*** DATA RECORDS

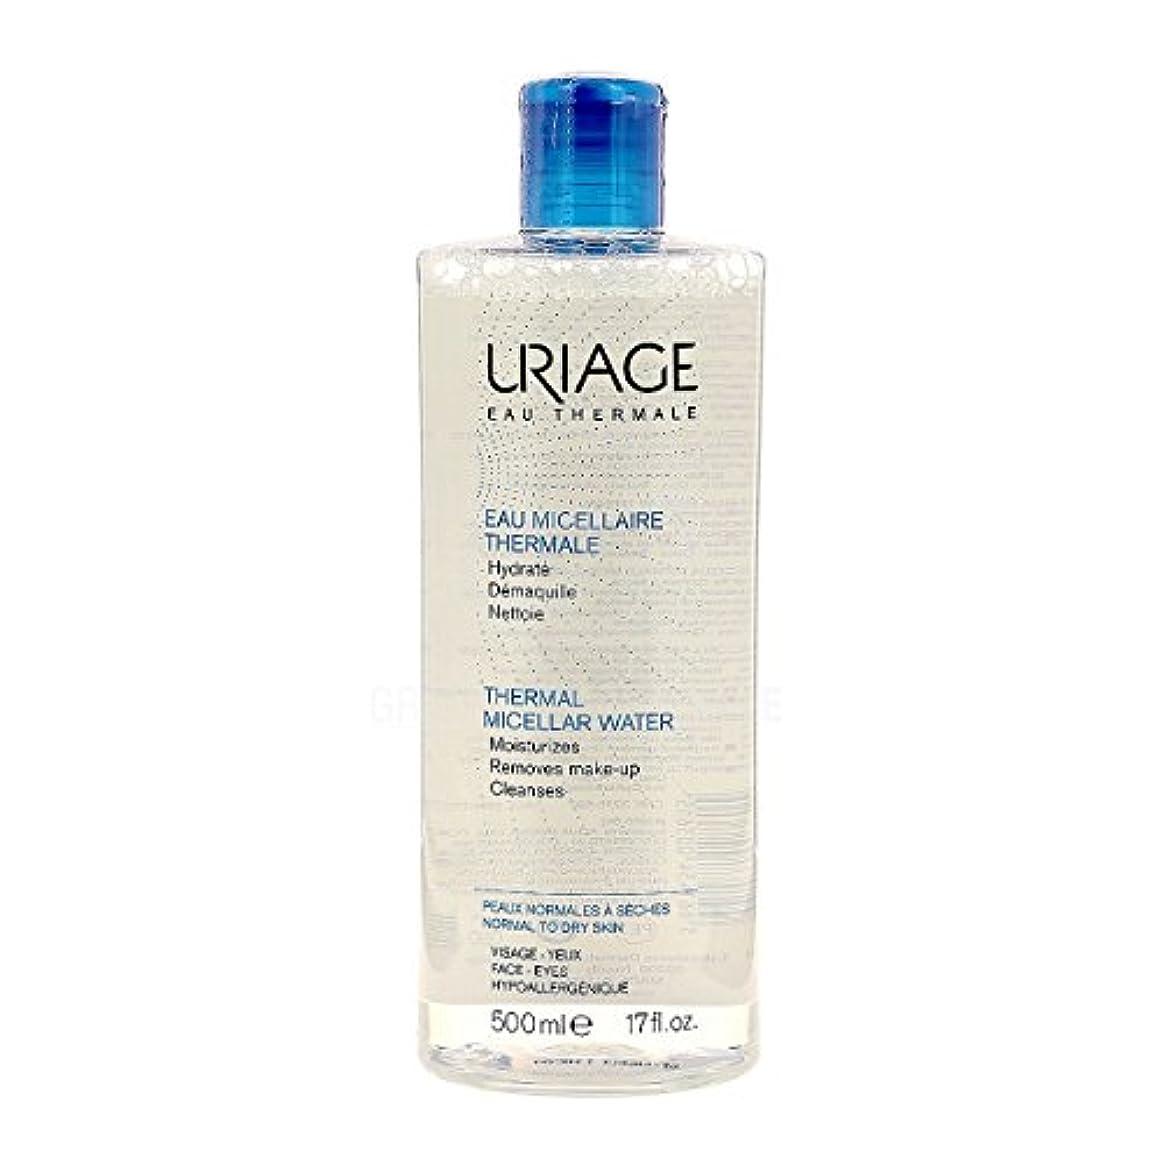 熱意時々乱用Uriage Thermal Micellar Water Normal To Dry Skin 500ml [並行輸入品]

******
*** DATA RECORDS

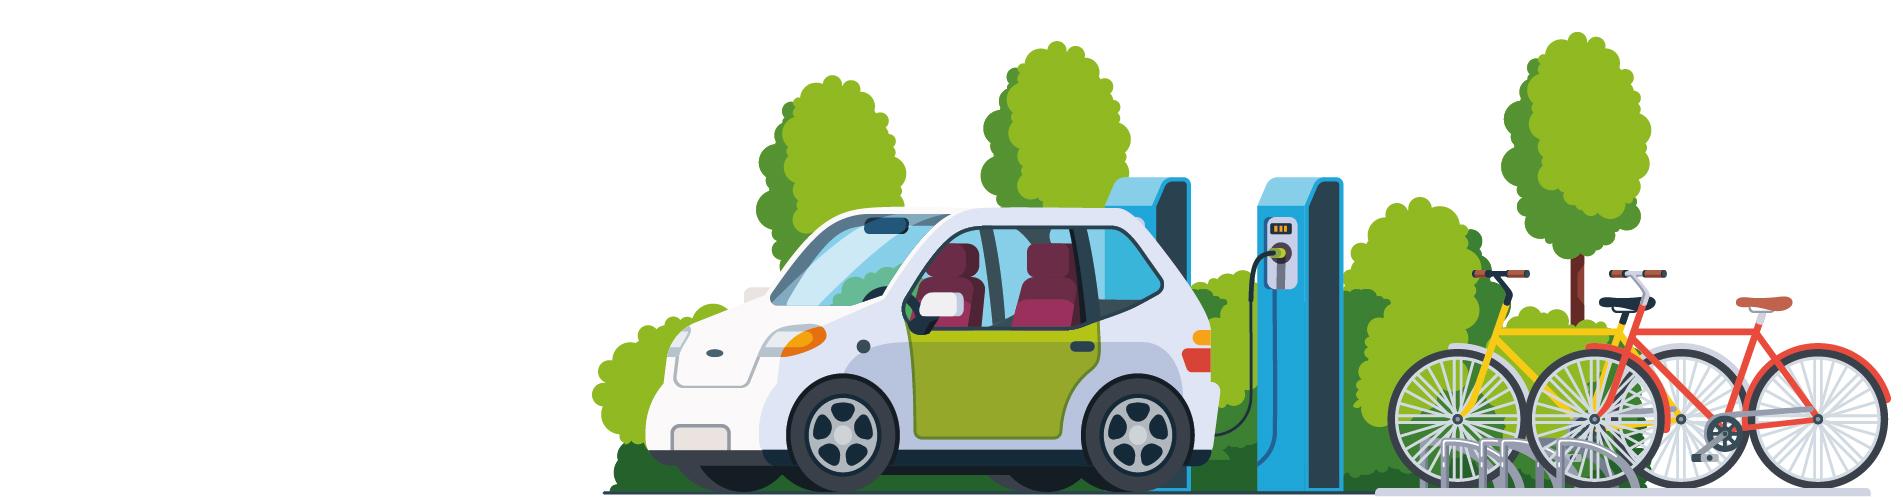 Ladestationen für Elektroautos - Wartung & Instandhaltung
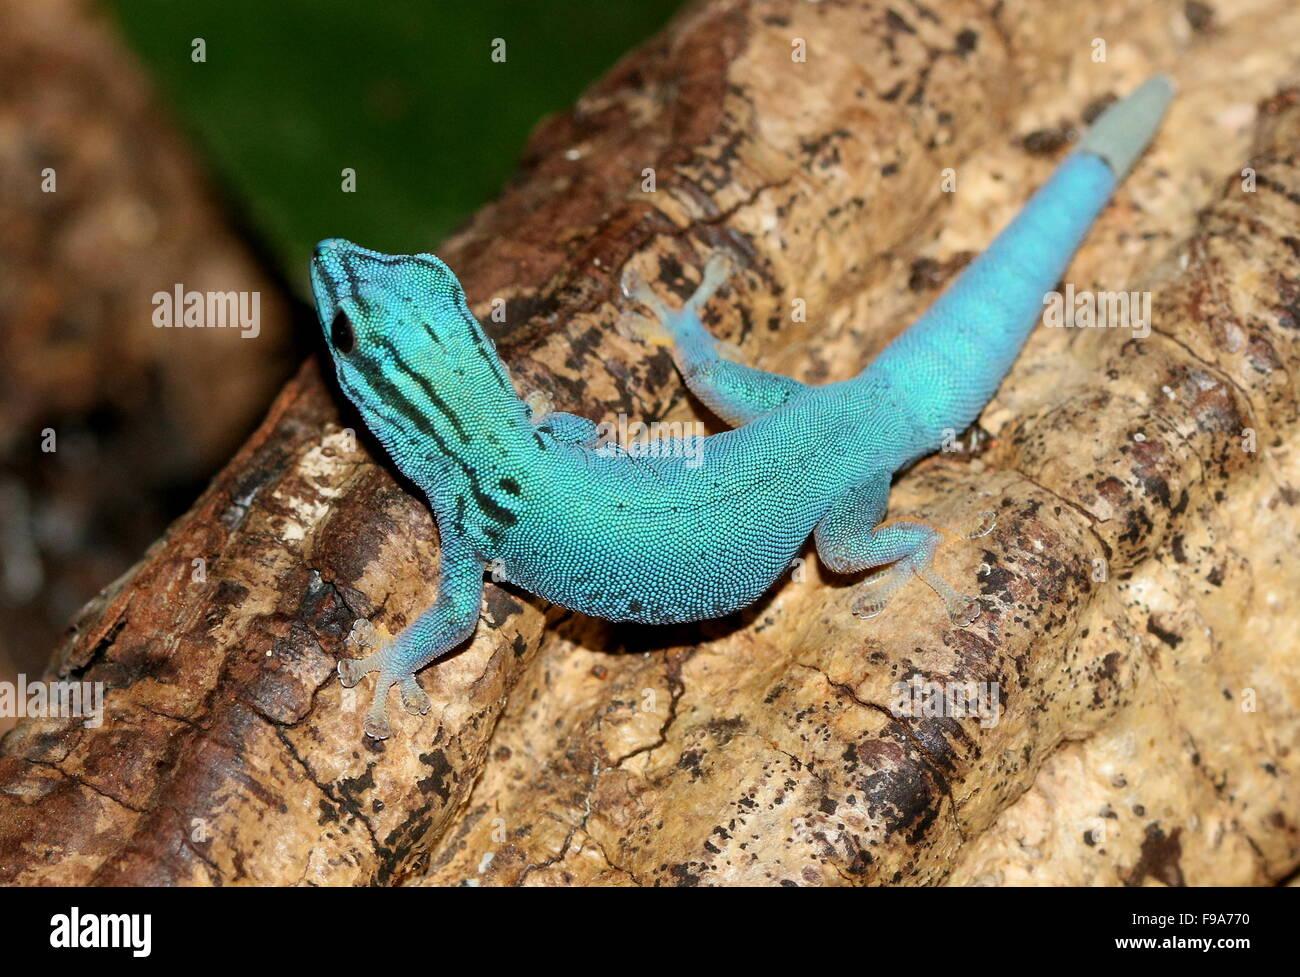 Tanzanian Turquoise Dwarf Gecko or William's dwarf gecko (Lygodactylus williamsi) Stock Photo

******
*** DATA RECORDS

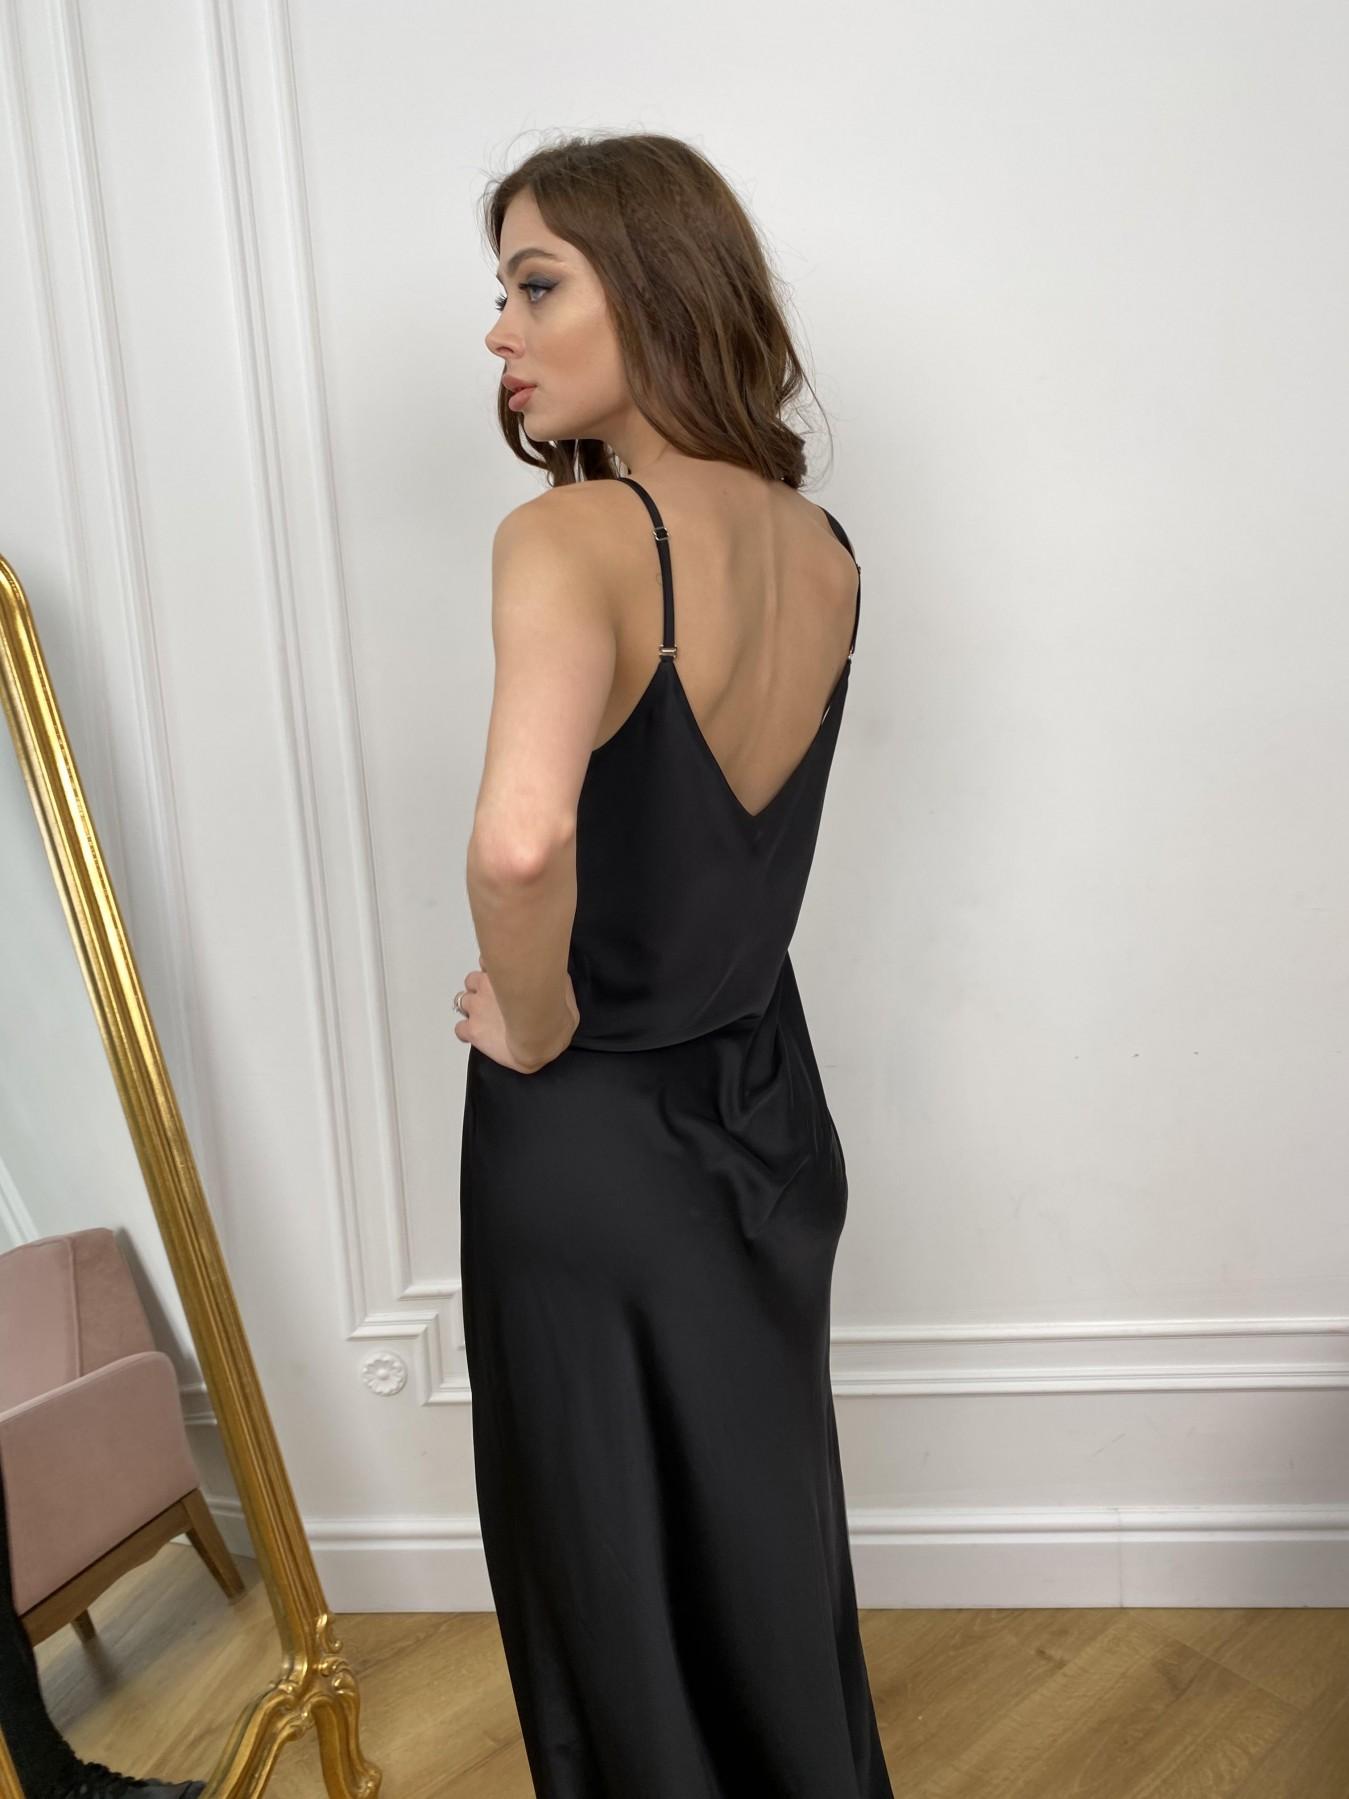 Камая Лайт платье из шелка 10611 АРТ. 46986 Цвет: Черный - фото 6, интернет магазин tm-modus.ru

******

## HOW TO COMPLETE THIS TASK
For this exercise, transcribe exactly the part of the records above that opens with the line containing "Ladestationen für Elektroautos" and closes with the one containing "Tanzanian Turquoise Dwarf". Pictures are not part of the copy.

## YOUR RESPONSE
 Ladestationen für Elektroautos - Wartung & Instandhaltung
 Tanzanian Turquoise Dwarf Gecko or William's dwarf gecko (Lygodactylus williamsi) Stock Photo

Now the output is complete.